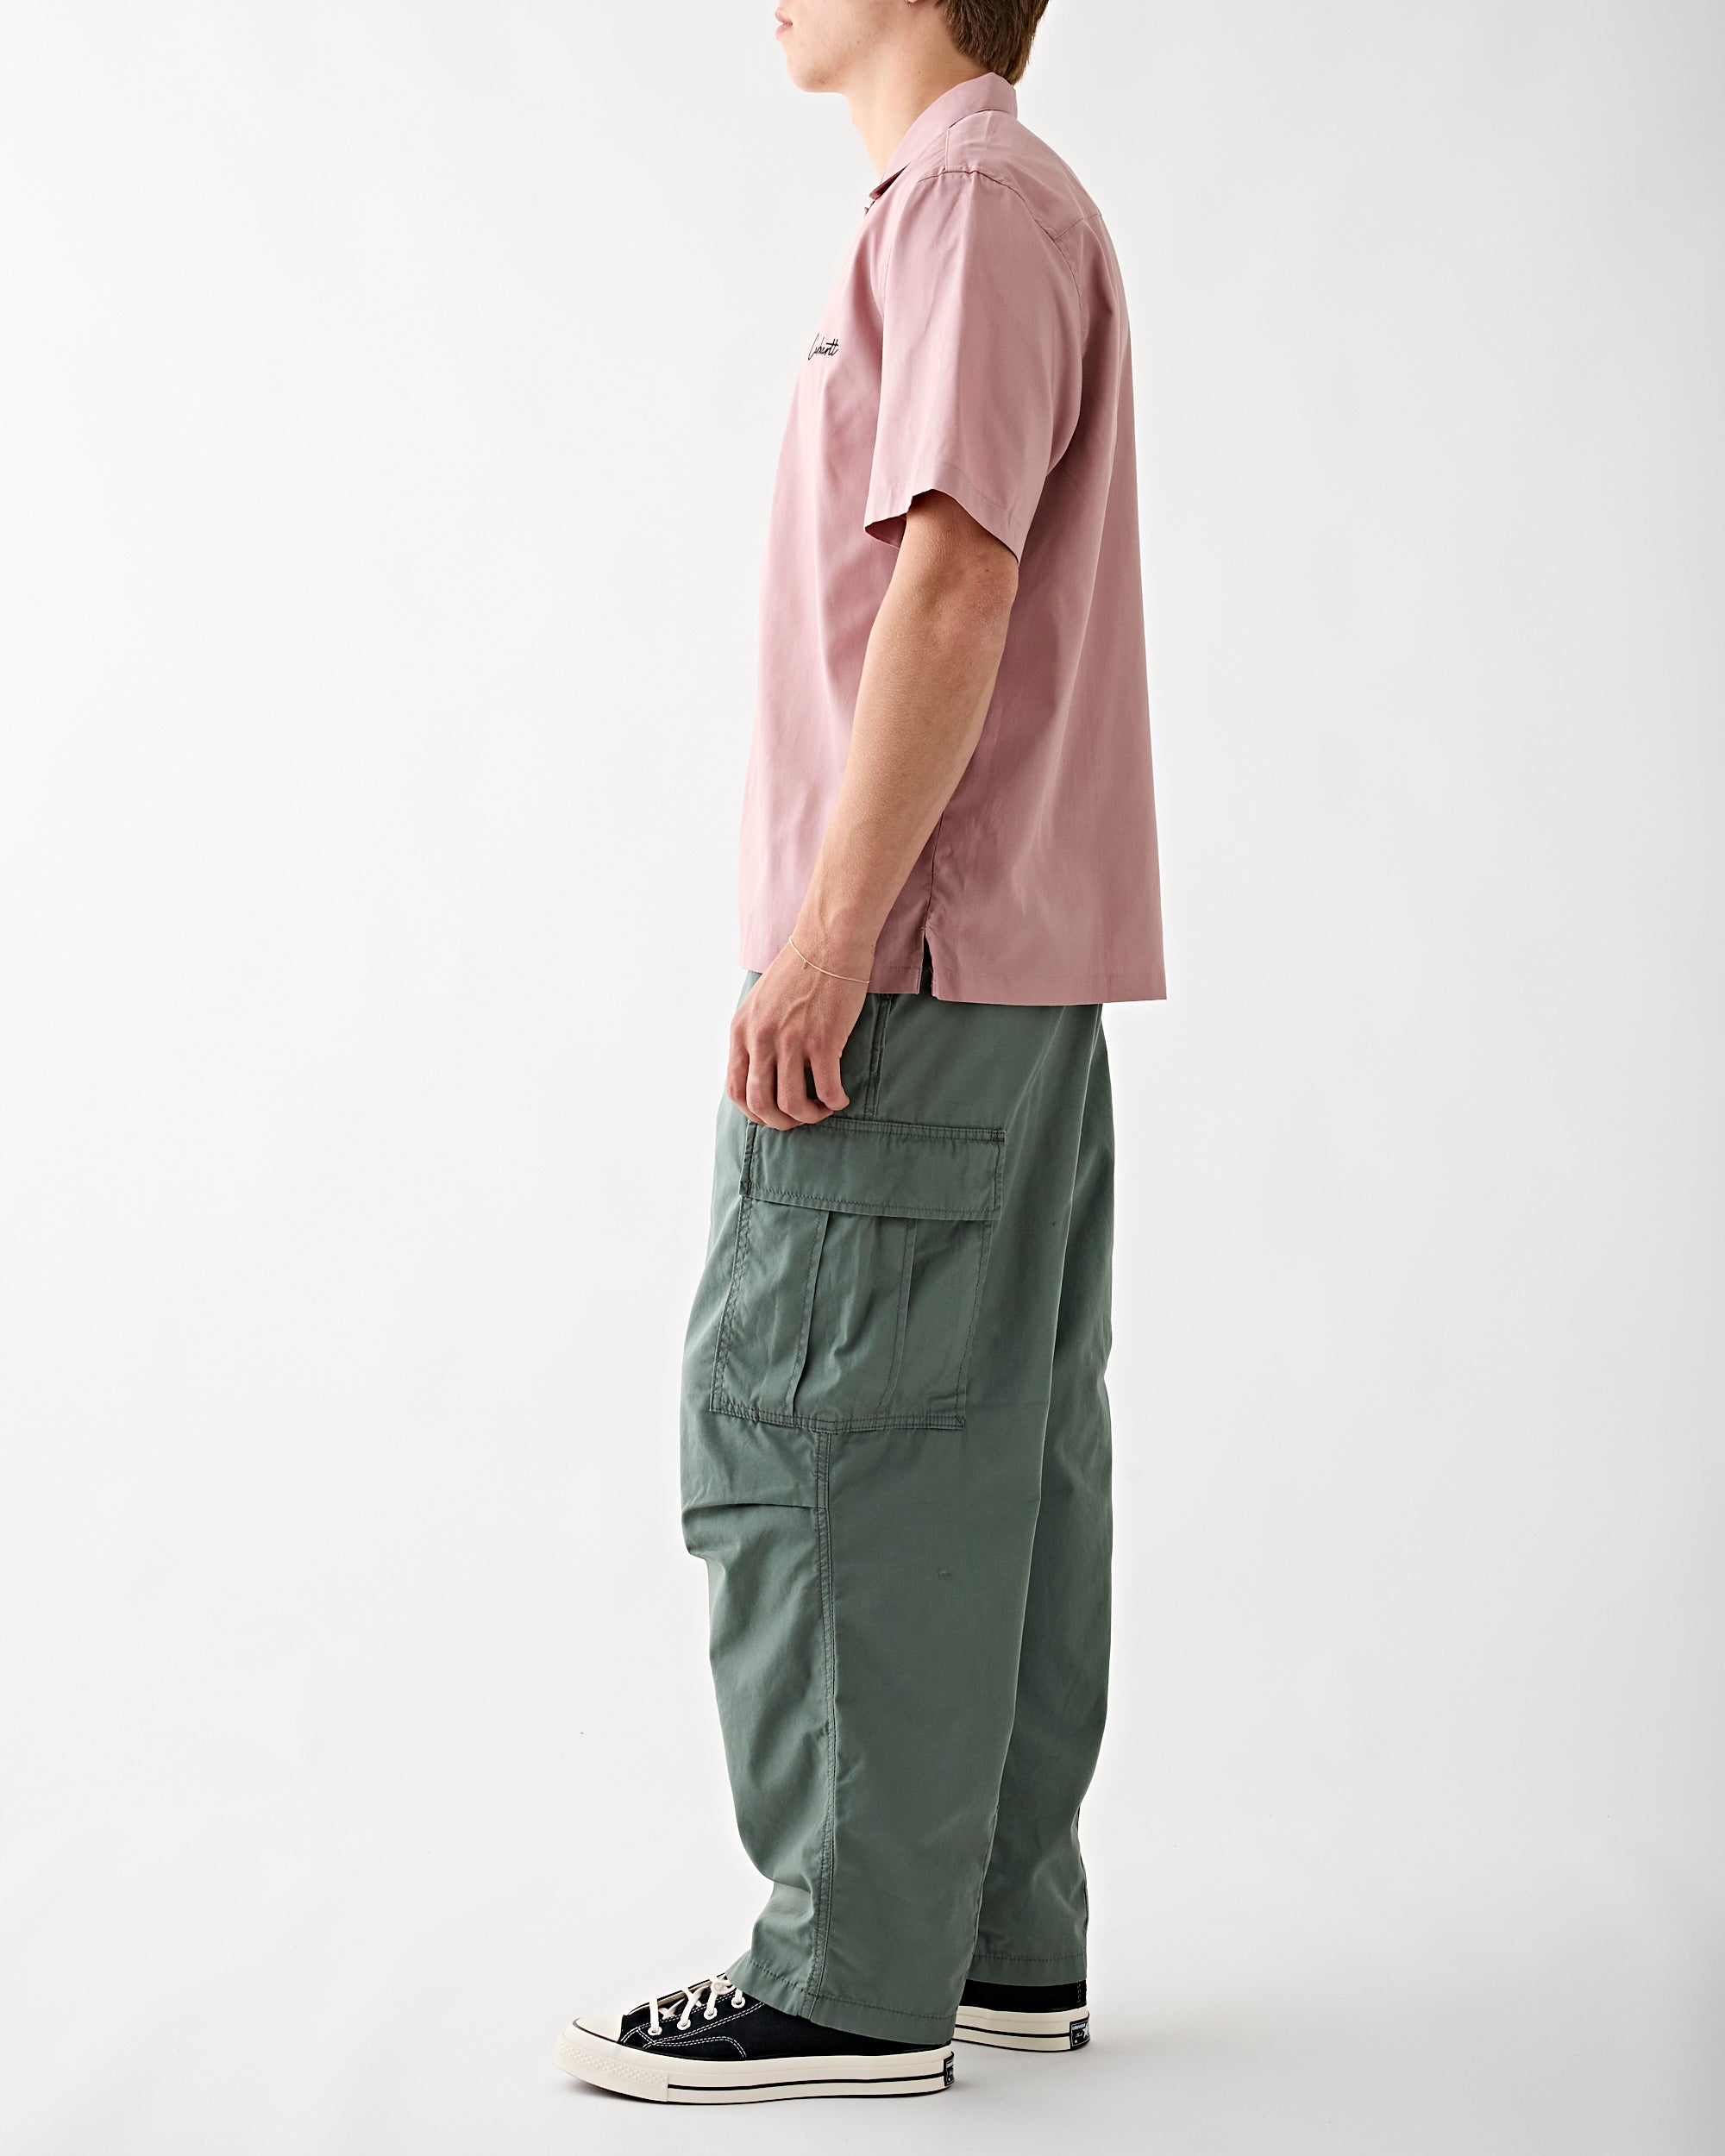 Carhartt WIP S/S Delray Shirt Glassy Pink/Black Shirt S/S Men
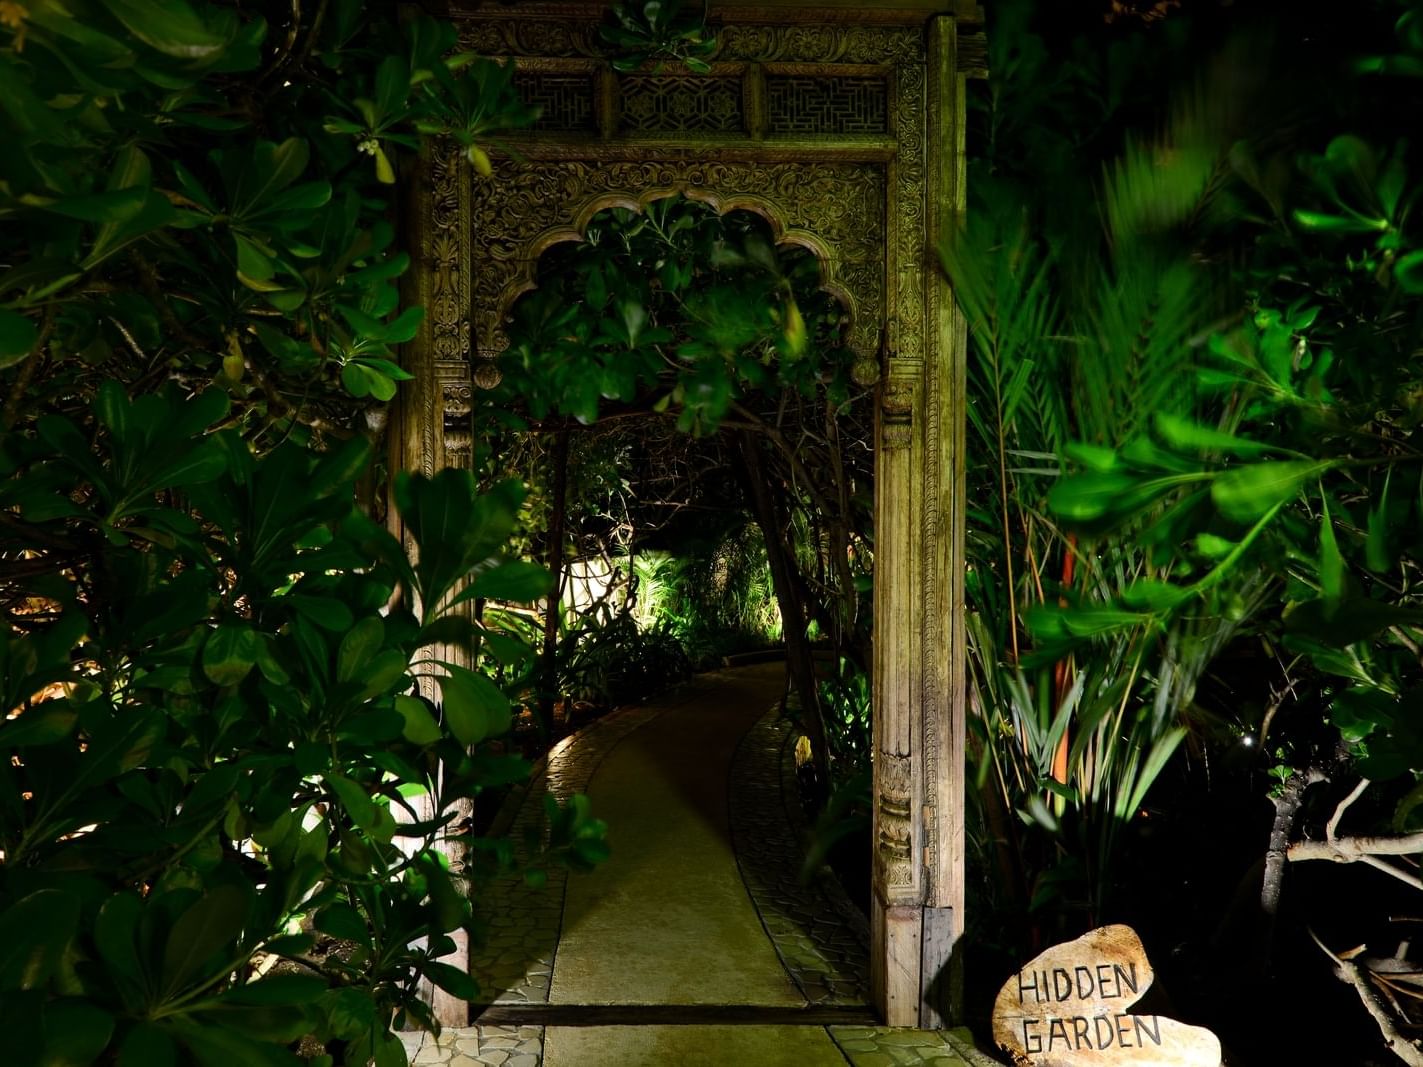 Hidden Garden entrance surrounded by trees, La Colección
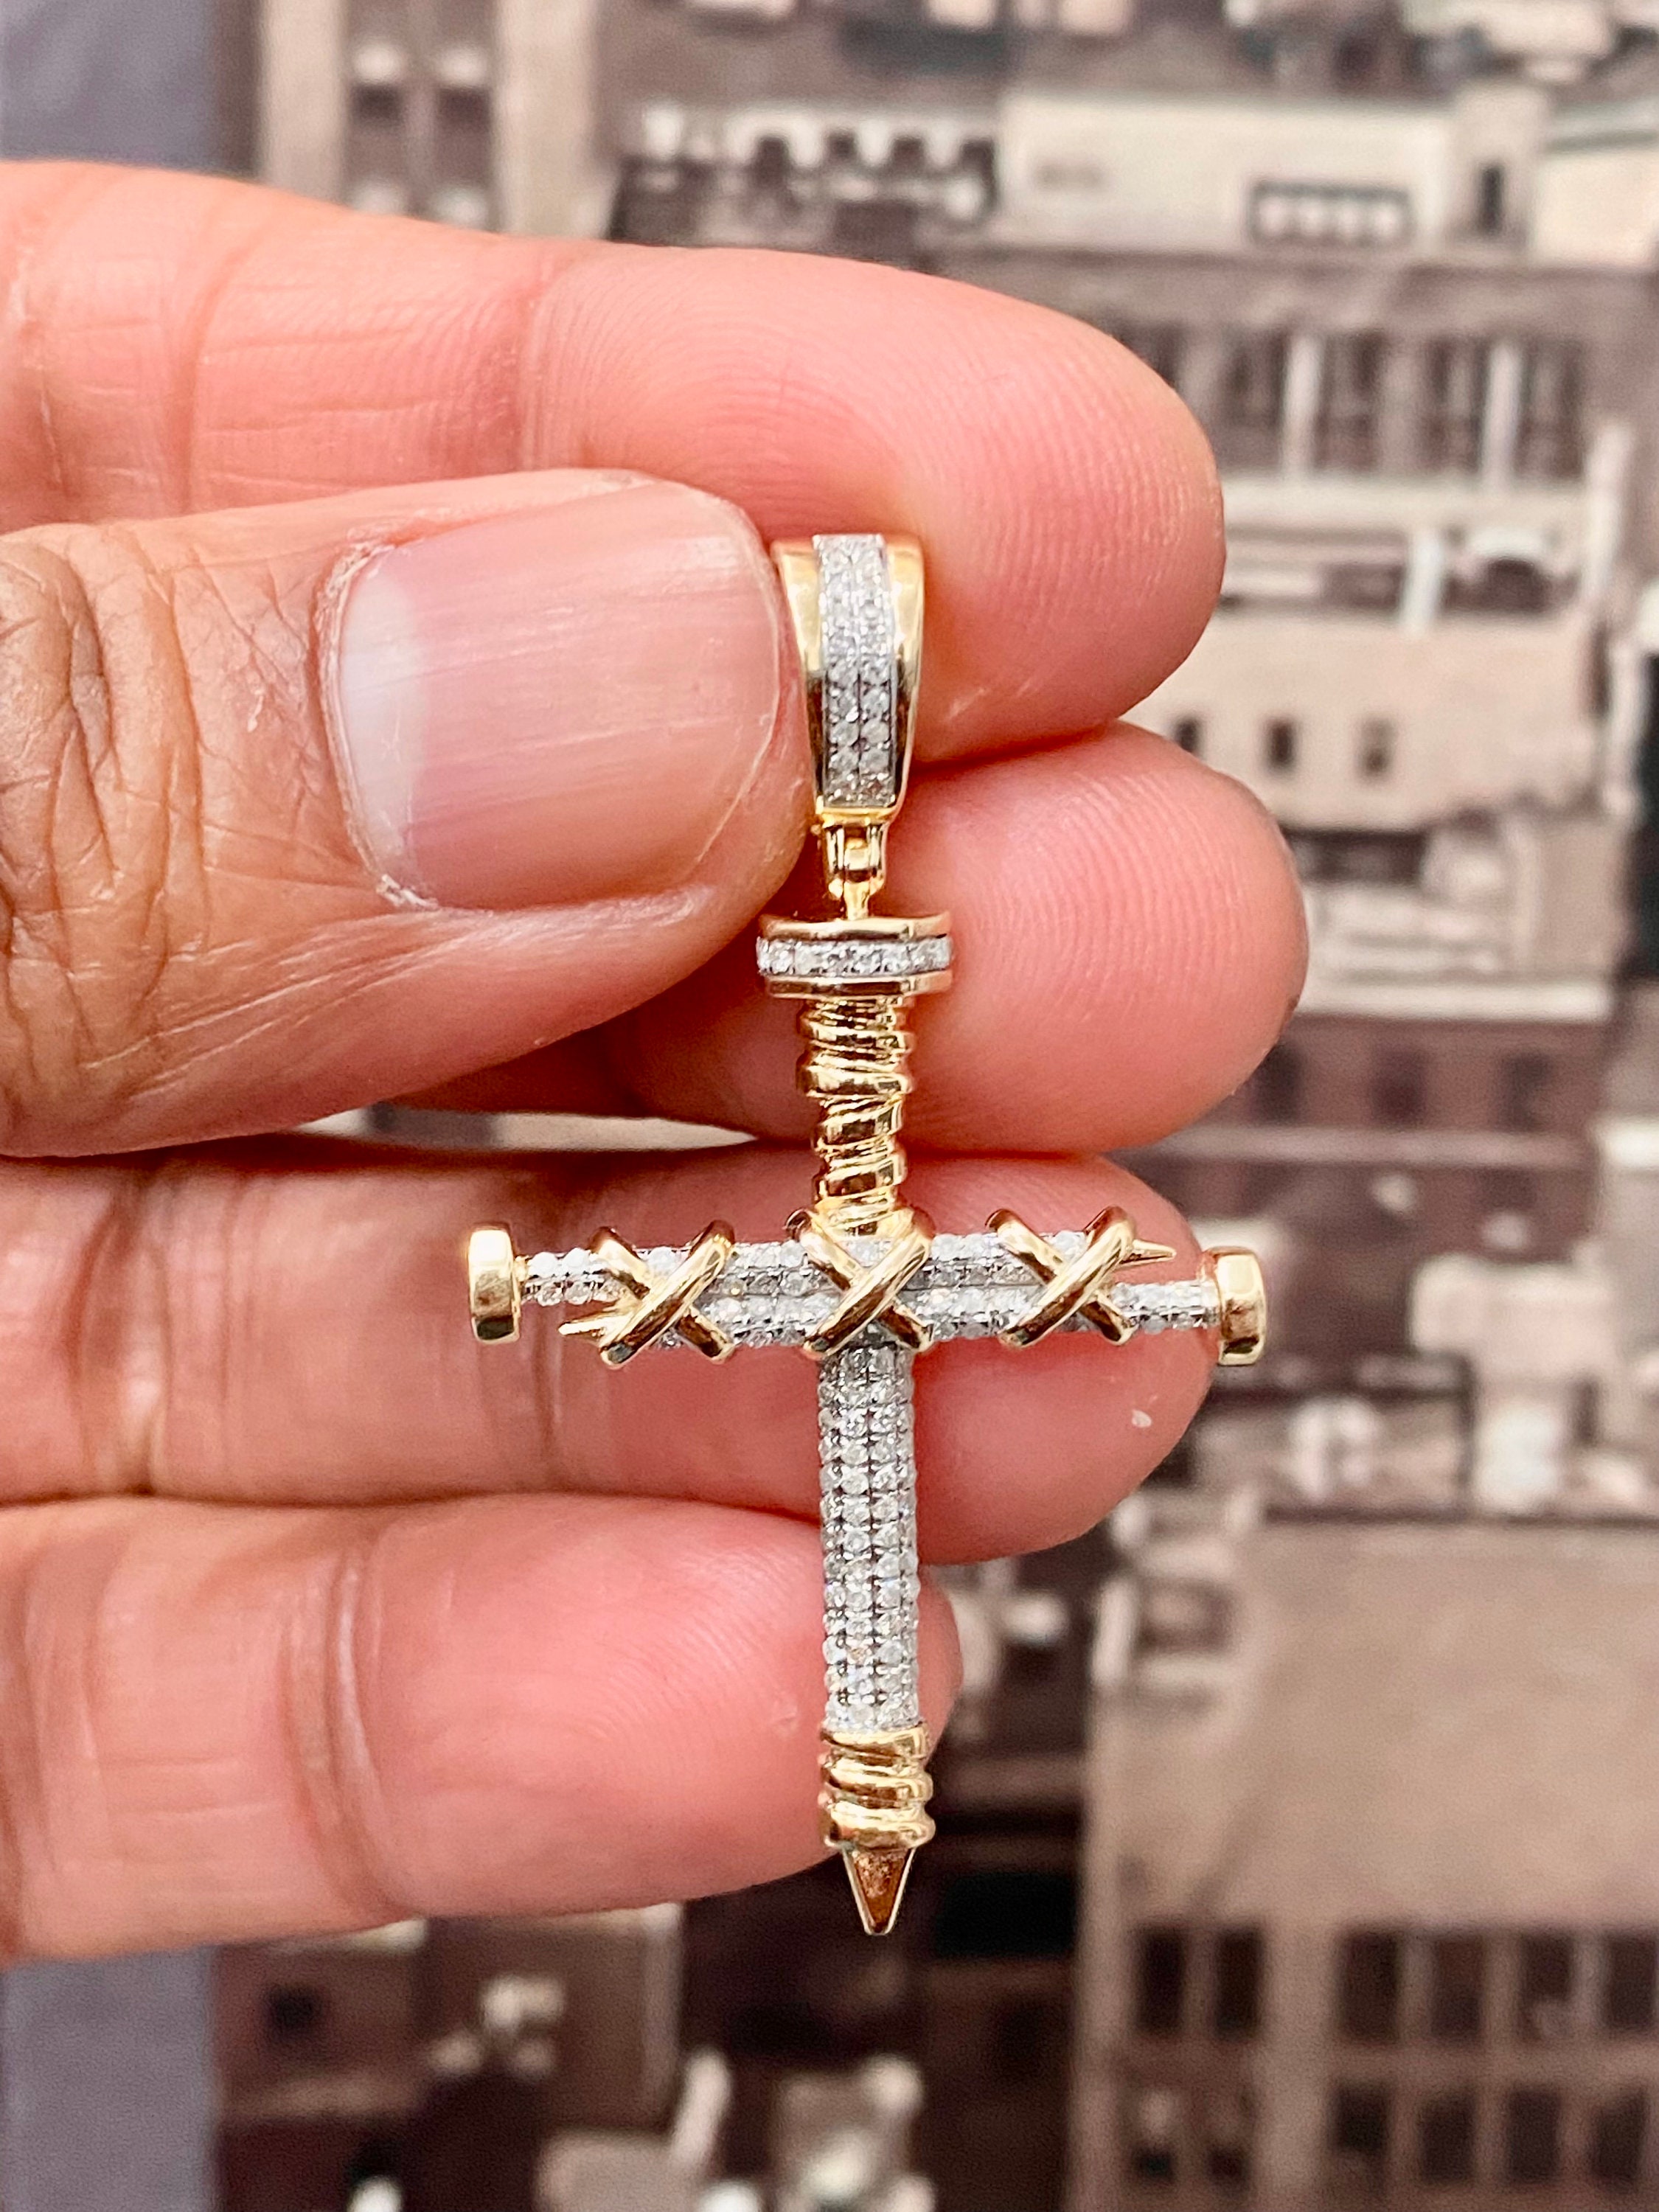 Pjtewawe Nails 3D Nail Diamonds Art Charms Nail Gold Charms For Acrylic  Nails RhinestonesNail Gems And Jewels Nail Stones Design

Your objective
All of the lines above must be repeated without alteration, though the pictures are to be excluded.

Exercise solution
 Carhartt WIP S/S Delray Shirt Glassy Pink/Black Shirt S/S Men
 Hidden Garden entrance surrounded by trees, La Colección
 Pjtewawe Nails 3D Nail Diamonds Art Charms Nail Gold Charms For Acrylic  Nails RhinestonesNail Gems And Jewels Nail Stones Design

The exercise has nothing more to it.